WORK TASK ->
Each line below should be repeated exactly as written, with no pictures carried over.
═════ DATASET CONTENT
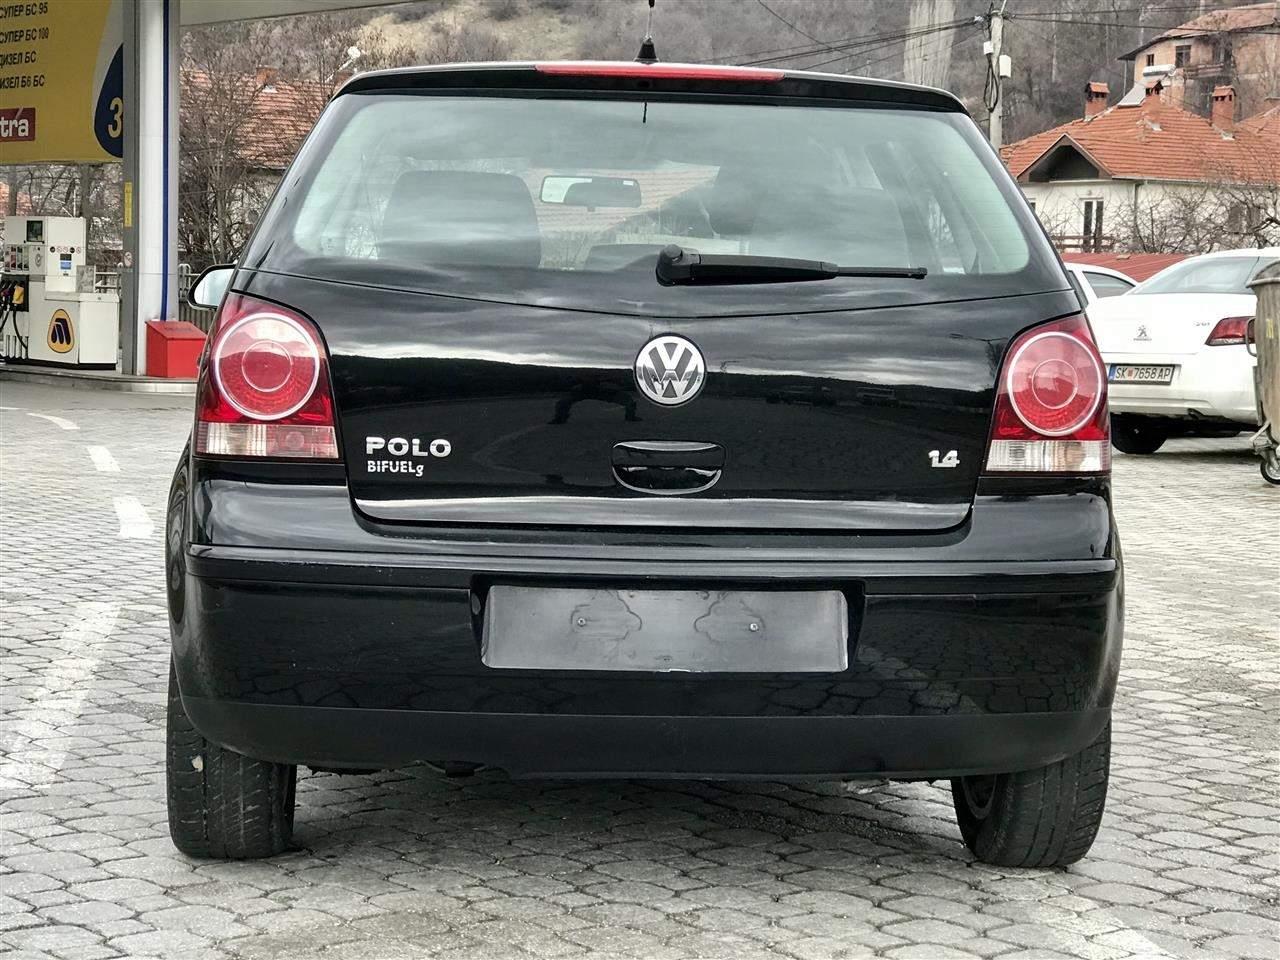 VW Polo 1.4 Bifuel LPG 09 Крива Паланка
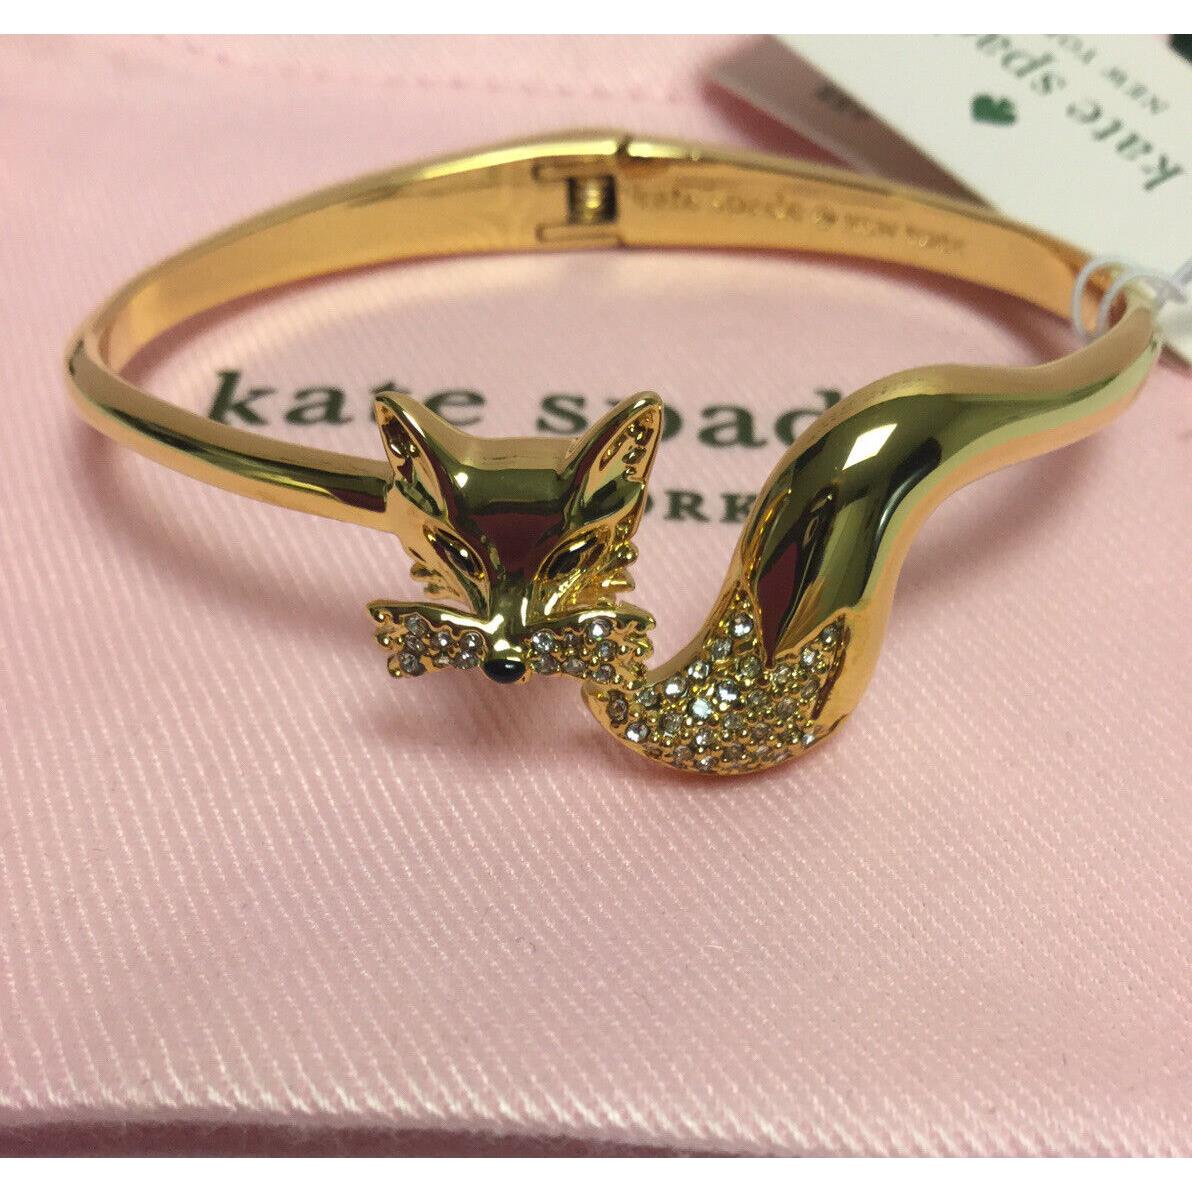 Kate Spade New York So Foxy Fox Bracelet Open Hinge Cuff w/ KS Dust Bag New  - Kate Spade jewelry - 082811700454 | Fash Brands
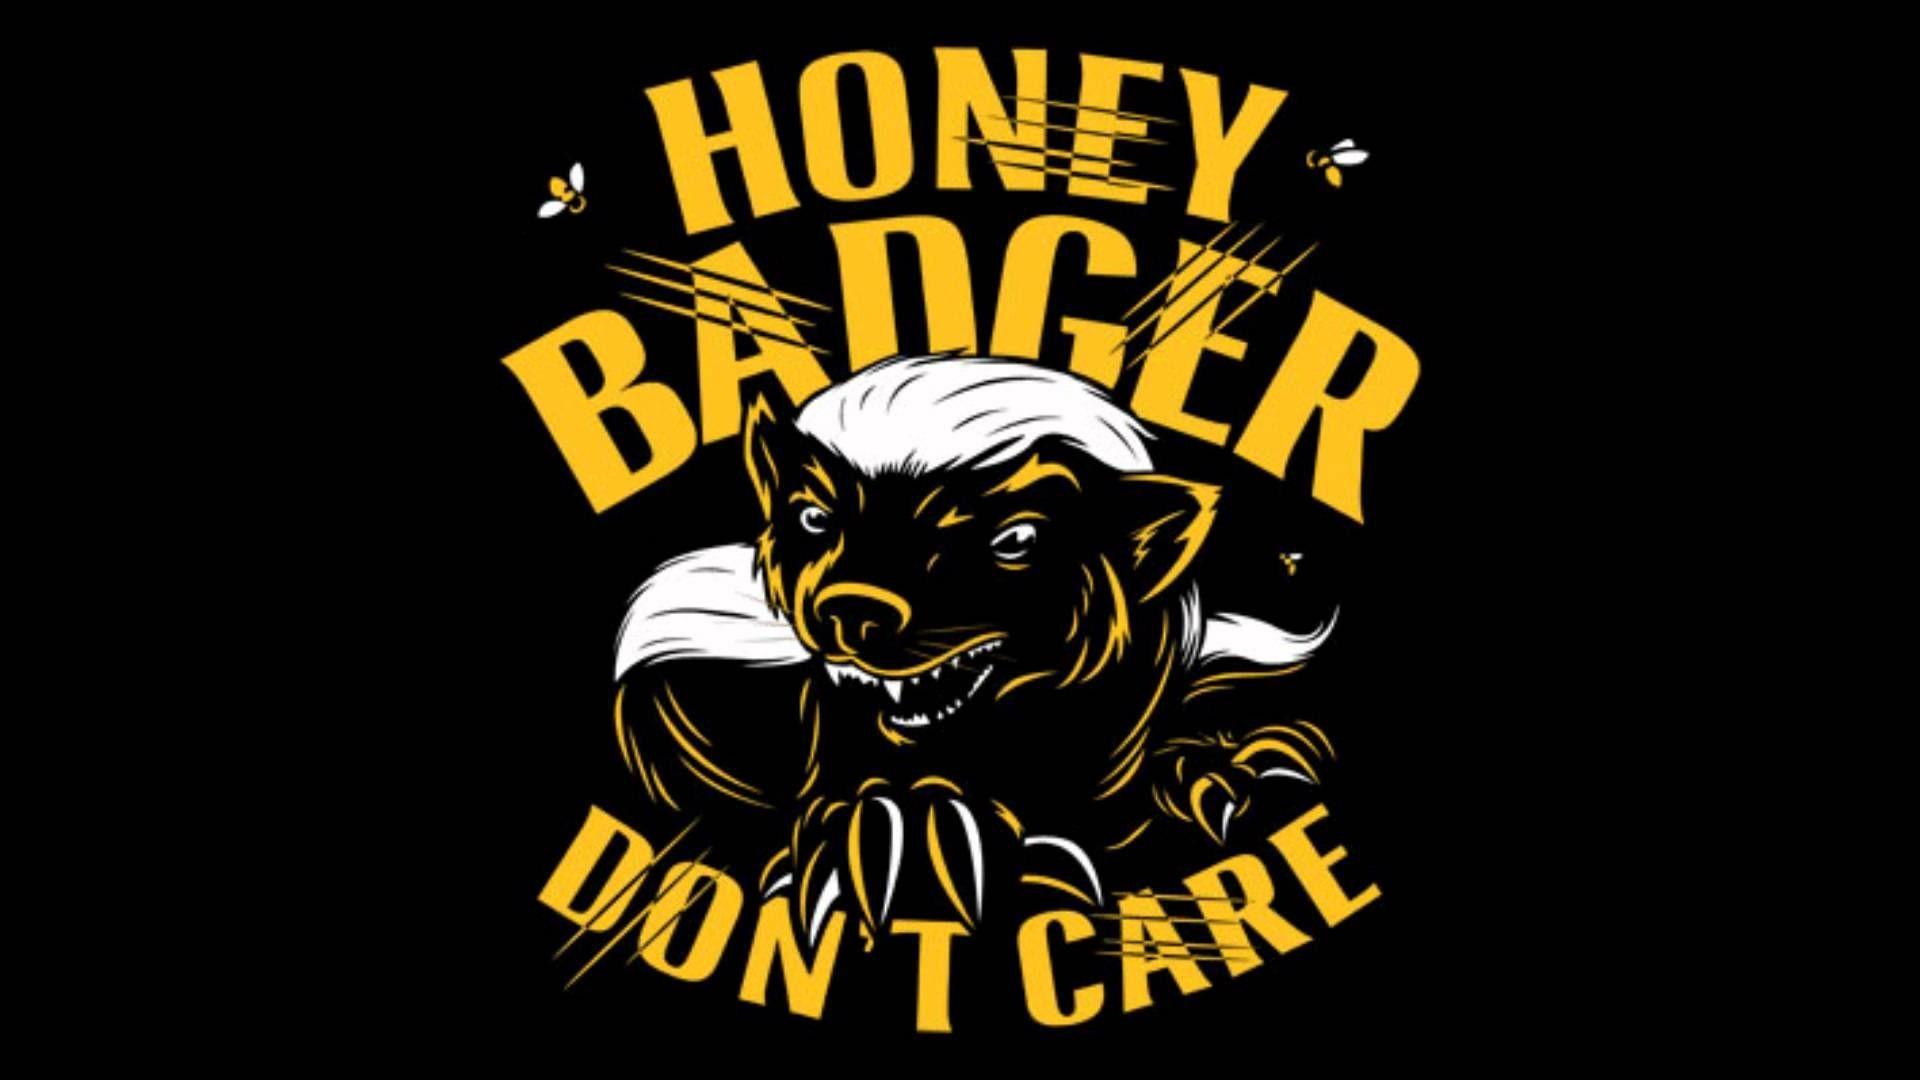 Honey badger HD wallpapers  Pxfuel
══════════
EXERCISE SOLUTION ->
 VW Polo 1.4 Bifuel LPG 09 Крива Паланка
 Kate Spade New York So Foxy Fox Bracelet Open Hinge Cuff w/ KS Dust Bag New  - Kate Spade jewelry - 082811700454 | Fash Brands
 Honey badger HD wallpapers  Pxfuel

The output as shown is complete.